01/01/1970 Le président de la Somalie, Mohamed Abdulahi 'Farmajo' s'adresse à l'Assemblée générale des Nations Unies AFRICA POLITICS INTERNATIONAL SOMALIA MICHAEL BROCHSTEIN / ZUMA PRESS / CONTACTOPHOTO 01/01/1970 Le président de la Somalie, Mohamed Abdulahi ‘Farmajo’ s’adresse à l’Assemblée générale des Nations Unies AFRICA POLITICS INTERNATIONAL SOMALIA MICHAEL BROCHSTEIN / ZUMA PRESS / CONTACTOPHOTO

MADRID, 21 ANS (EUROPA PRESS)

Une dizaine de candidats à la présidence de la Somalie ont entamé ce samedi une réunion de trois jours dans la capitale du pays, Mogadiscio, pour évaluer les préparatifs des élections de février de l’année prochaine dans le pays africain, au milieu de sérieux doutes sur l’impartialité présumée des commissions électorales, soupçonnées d’affinité avec le président du pays, Mohamed Abdullahi «Farmajo».

Les candidats, dont les anciens présidents Hassan Sheikh Mohamud et Sharif Sheikh Ahmed, délibéreront sur l’état de l’infrastructure électorale avant une période électorale qui débutera le mois prochain par des élections législatives, et culminera avec les élections à la tête de l’Etat.

Un processus qui, cependant, a été affecté par des plaintes et des différends d’une bonne partie du spectre politique, notamment en ce qui concerne la composition des commissions électorales aux niveaux local et fédéral.

En ce sens, ces mêmes 12 candidats ont protesté le mois dernier contre la décision de “ Farmajo ” d’imposer la présence de candidats à caractère exclusivement politique et en leur faveur, ainsi que de membres du Service national de renseignement, NISA, dans ces comités, qui cela pourrait influencer frauduleusement l’heure du décompte.

La coalition d’opposition du Forum des partis populaires (FNP) a également exprimé sa préoccupation à cet égard concernant la région séparatiste du Somaliland.
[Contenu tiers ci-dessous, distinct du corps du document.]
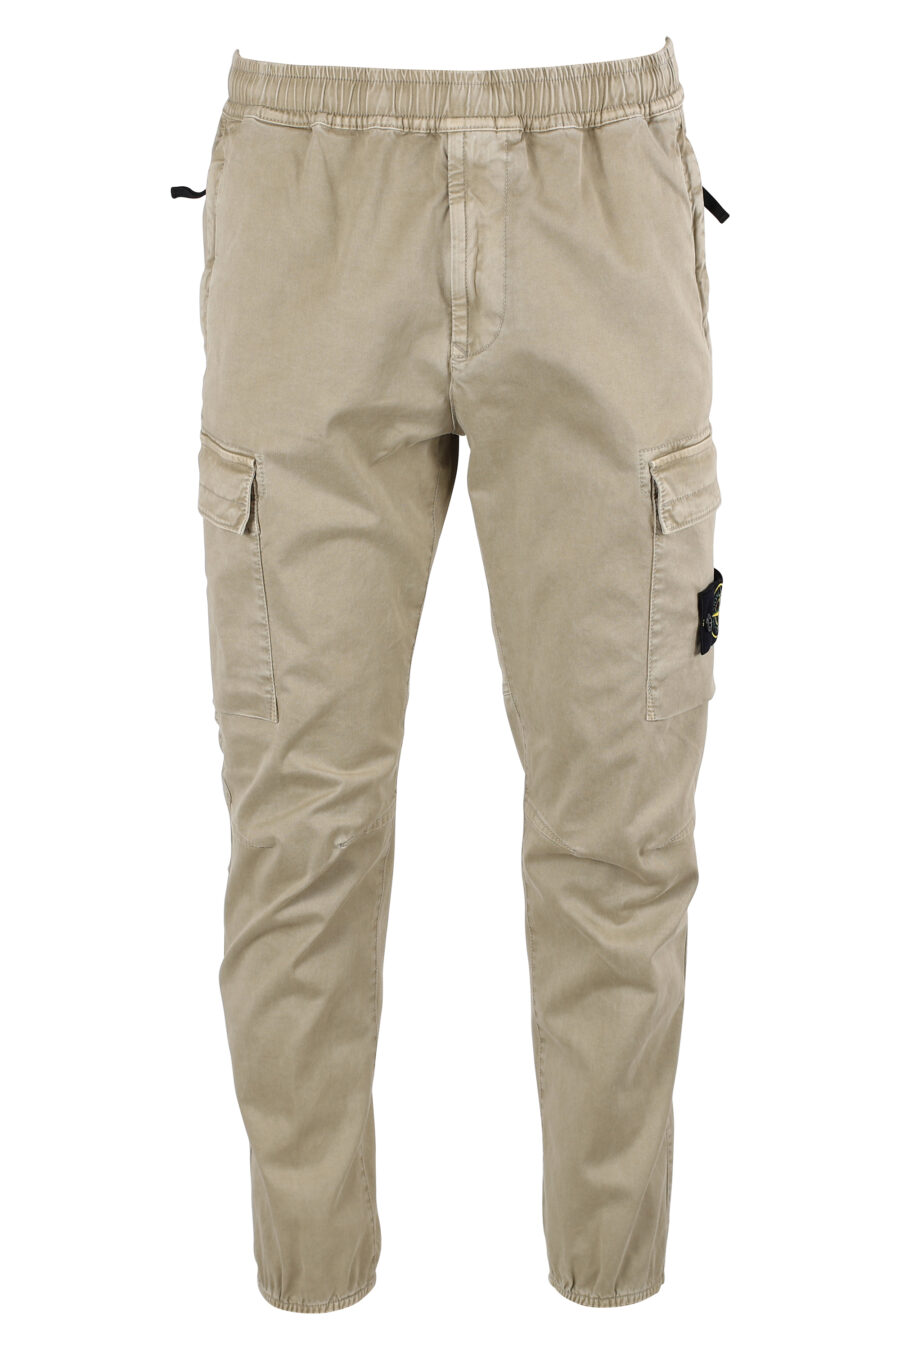 Pantalon cargo beige avec patch latéral - IMG 8325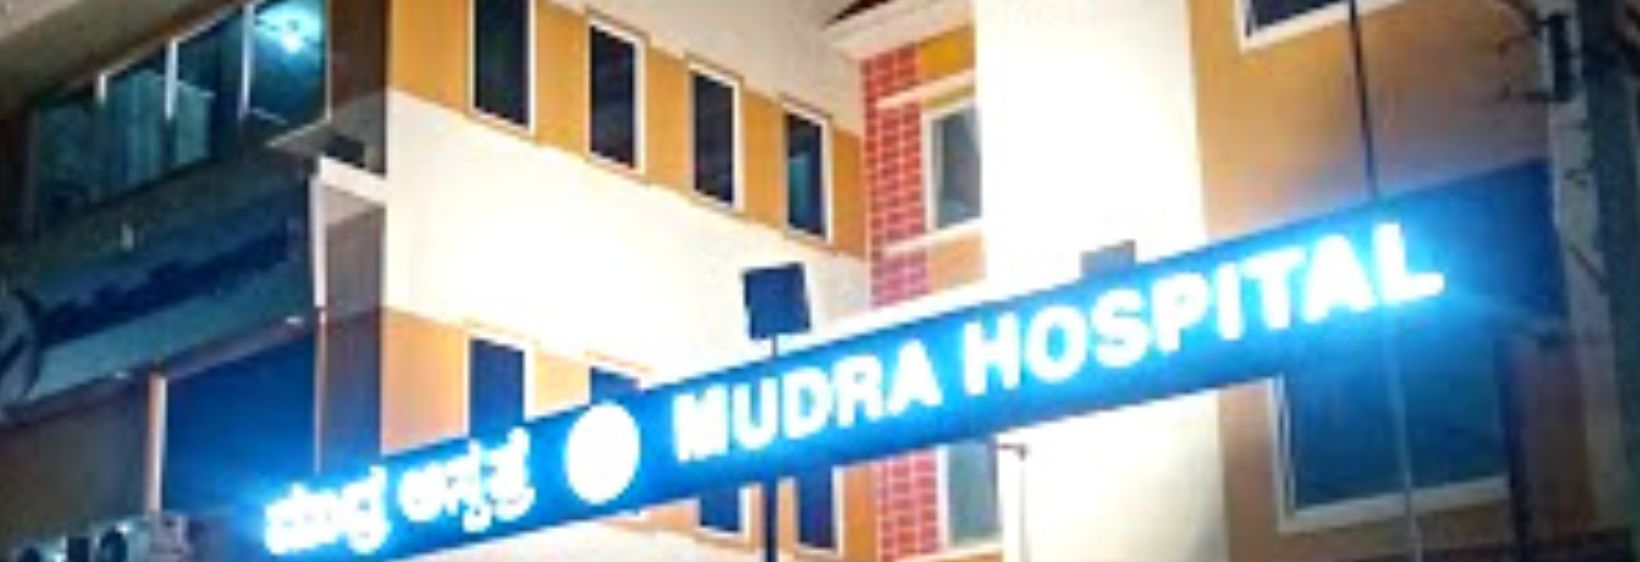 Mudra College of Nursing - Tumkur

Le groupe d’experts de l’Institut du patrimoine pour les études politiques de Mogadiscio a appelé à la dissolution de ces comités, qui pourraient finir par être “constitués de fidèles” au président et à leur remplacement par “des substituts crédibles et respectables”, selon le média somalien ‘Goobjoog’.